The pie chart breaks the population count into respective Type of Dwelling. There are labels of percentage and hovering each pie will have a tooltip to depict the TOD, Count and % Count.
The spatial distribution map will react to the selected Age Group to show their count and proportion on the map.
3.3. Insights description
Selection of AGED group with TOTAL subzones shown a ratio of 45.8% Male to 54.20% of Female. There is almost a 10% difference as opposed to the Total age group of 49.15% Male to 50.85% Female.
This may imply that Female have a longer lifespan than Male in Singapore.

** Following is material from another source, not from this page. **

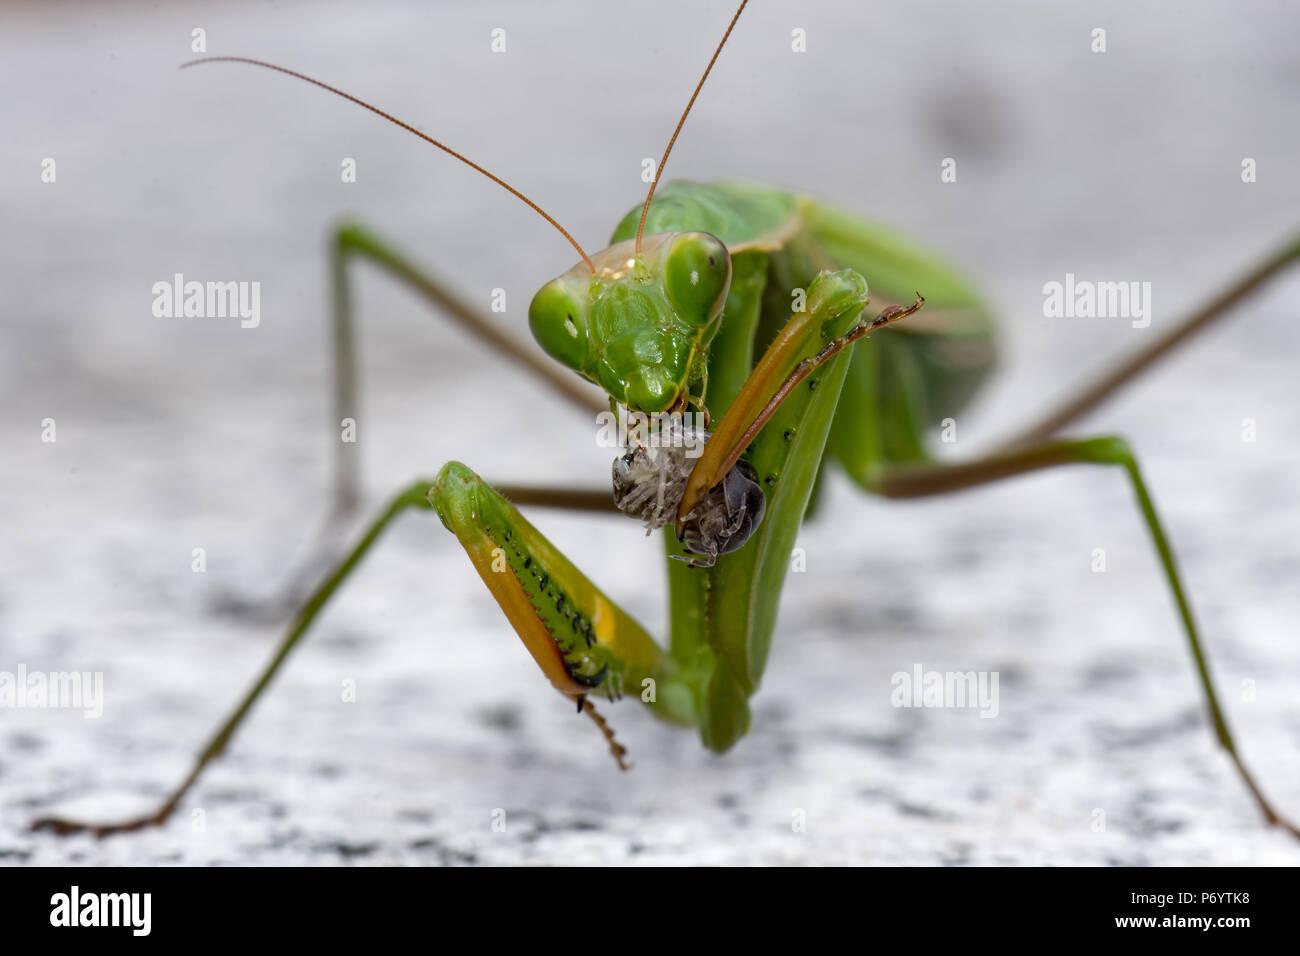 Colore naturale outdoor wildlife vicino la fotografia macro di un singolo isolato verde mantide religiosa mentre mangia Immagini Stock

Woodlands East has a comparably high proportion of YOUNG aged group which may suggest a maturing subzone. Furthermore, 40.7% of the AGED, 41.9% of the ACTIVE and 43.8% of the YOUNG stay in HDB 5 rooms and Executive flats.
This may imply that recent BTO projects include a lot of HDB 5 rooms and Executive projects.